This invention relates to a magnetic/electric field measuring device by means of an electron beam, which is capable of measuring quantitatively magnetic or electric field generated on a surface of a sample and measuring the distribution thereof in real time.
Several methods are known, by which magnetic stray field is detected by means of an electron beam. In a prior art example, which is nearest to this invention among them, deflection of an electron beam is sensed by a detector for detecting the incident position of the electron beam and magnetic stray field is calculated on the basis thereof (IEEE Trans. Magnetics, MAG 20 No. 5 (1986) p. 866-p. 868). By this method the electron beam is made to pass pallarelly to a surface of a magnetic recording head or a magnetic tape and the position of the arrival of the electron beam deflected by magnetic stray field is sensed, on the basis of which the intensity and the direction of the magnetic stray field are calculated. A microchannel plate (hereinbelow abbreviated to MCP), a phosphor screen and a television camera are used for the detection of the impingement position of the electron beam. The bright position generated by the incident electron beam is sensed by the television camera, the image of which is taken in a digital video frame memory and treated further in a CPU so that the distribution of the magnetic stray field is obtained.
By this method there are three restrictions stated below.
Firstly a video memory is necessary, which stores the position of the bright point on the trajectory of the bright point resulting from displacement of the electron beam in the form of an image.
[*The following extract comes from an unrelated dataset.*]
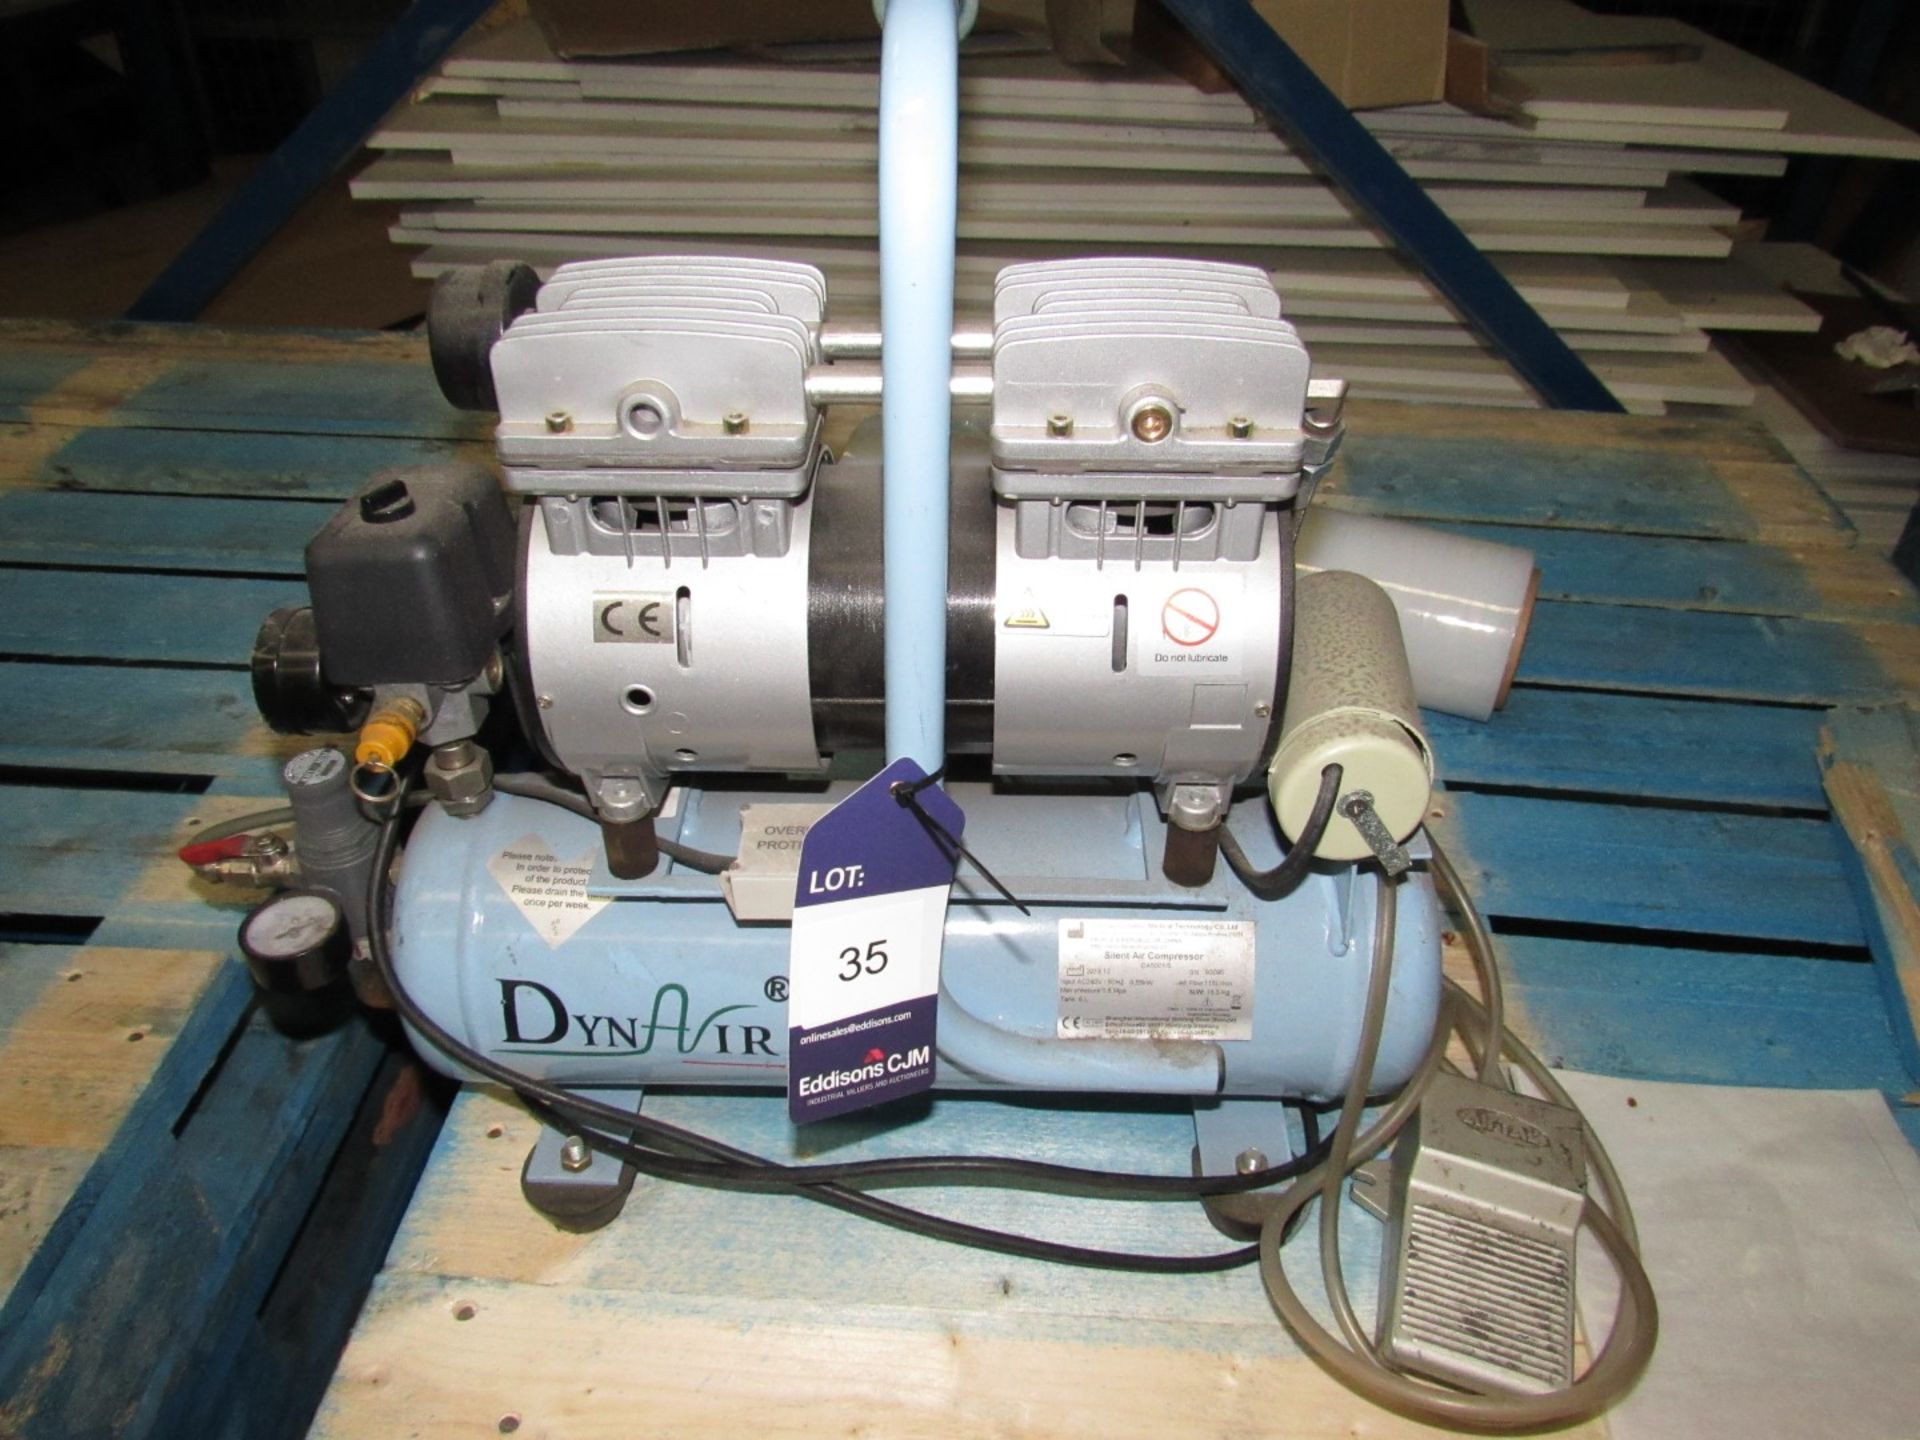 DynAir small silent compressor

Therefore the device processing data stored in the memory and calculating the intensity of the magnetic field is large. In addition it is impossible to detect and display in real time the positional distribution of the magnetic stray field in synchronism with the scanning with the electron beam.
Secondly the positional resolving power of the electron beam incident position is limited by the channel diameter of the MCP, which is several .mu.m.
Thirdly, when the electron beam is focused on a measurement point in the proximity of the surface of the sample, it becomes broader on the MCP. As a result, the bright point on the phosphor screen has a large diameter. Consequently it is impossible to detect extremely small positional variations.